The Mexican Navy has been deployed to Cancun and Mexican Caribbean beaches in an effort to help clear massive amounts of sargassum from the shorelines.
Sargassum seaweed is one of the main issues affecting travelers in Cancun and the Mexican Caribbean this year, to the point that it has surpassed safety as the main concern faced by visitors.
Although harmless, the macroalgae tarnish the region’s stunning white-sand beaches are a major source of frustration among visitors, who primarily flock there in search of azure waters and powdery shores.
Over 3000 Tons Of Seaweed Removed From Popular Beaches In A Matter Of Weeks
It’s no secret that the Mexican Caribbean is dealing with record-shattering amounts of sargassum seaweed this year, prompting authorities to announce more aggressive measures to protect the region’s beaches.
Resorts, as well as officials across popular resort hotspots like Cancun, the Riviera Maya, and Isla Mujeres, rely on an extensive network of cleaners and heavy-duty machinery to keep beaches clean, although this has proven to be more challenging than in previous years as sargassum levels reach unprecedented highs.
To properly address the situation ahead of a potentially record-breaking summer for Mexico’s travel industry, officials recently deployed vessels from the Mexican Navy to assist in massive clean-up efforts.
The Secretary for the Navy has deployed a total of 12 ships as well as 16 smaller vessels as part of a wider strategy to remove sargassum seaweed from public beaches.
The boats are operated thanks to over 350 Navy officers, whose primary goal is to ensure optimal conditions for beachgoers in the Mexican Caribbean this summer.
The Mexican Navy is also deploying some 9,050 meters of sargassum barriers as a preventive measure.
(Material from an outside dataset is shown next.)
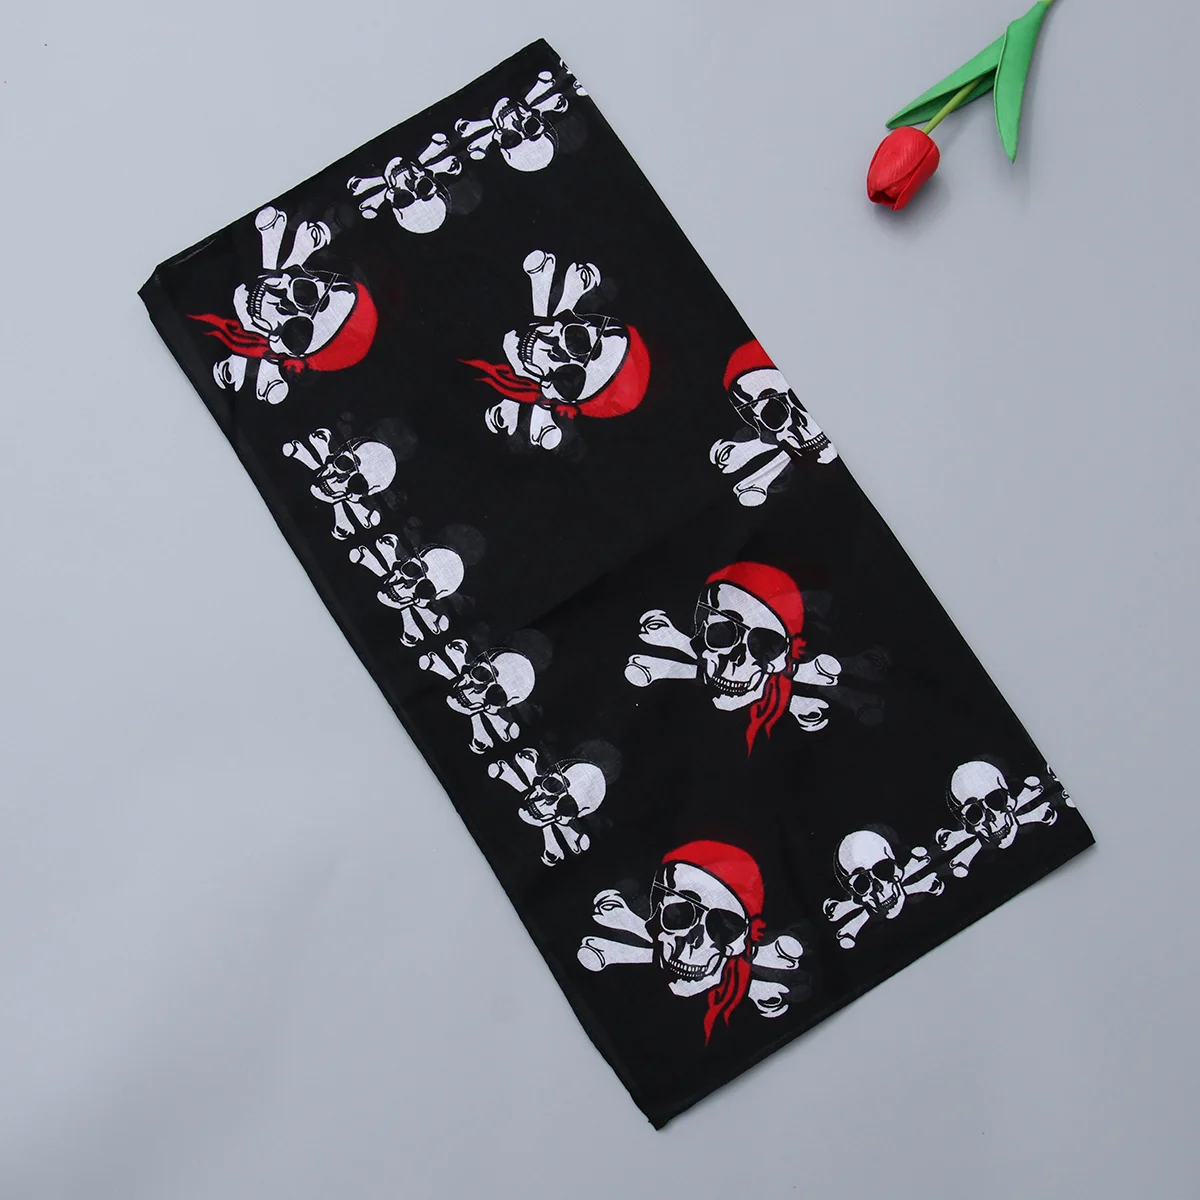 

6pcs Pirate Accessories Pirate Handkerchief Hiphop Hair Accessory for Kids Cosplay Party Decor Bandana

Several resort cities like Playa del Carmen and Tulum have drastically increased the number of sargassum barriers this year to further improve cleanliness.
In the past 15 days alone, the Mexican Navy has helped collect over 3000 tons of sargassum seaweed from public beaches, representing a whopping 28% of all sargassum removed so far this year.
If the positive trend continues and the deployment proves effective, travelers can expect to find significantly less sargassum than in the previous weeks. Beaches in the Riviera Maya have been among the most affected so far this year as sargassum levels continue to rise across the Caribbean.
Environmental experts have warned travelers to brace themselves for even more sargassum seaweed, an issue that has plagued the region for years already. Unfortunately, projections indicate further mass arrivals, leading many resort hotspots to invest more in anti-sargassum technology.
According to the University of South Florida, 2023 will likely be a record-breaking year with regards to sargassum, with satellite images showing huge seaweed patched across the Atlantic and Caribbean, many of which will wash up on beaches from Cancun to Tulum.
The sargassum seaweed season is expected to last at least until October, says Rosa Martínez, an expert from the Academic Unit for Reef Systems, a Puerto Morelos-based research hub.
While sargassum can be cleaned up from beaches, its removal entails a complex process involving vessels, barriers, cleaners, and machinery to transport and store the foul-smelling macroalgae.
Despite the alarming news, travelers can still enjoy a handful of top-rated white-sand beaches across the Mexican Caribbean, such as those of Isla Mujeres and Holbox, which are known to have less sargassum than other areas.
Visitors can check the Quintana Roo Sargassum Monitoring Network’s weekly sargassum updates when planning their Mexican Caribbean getaway.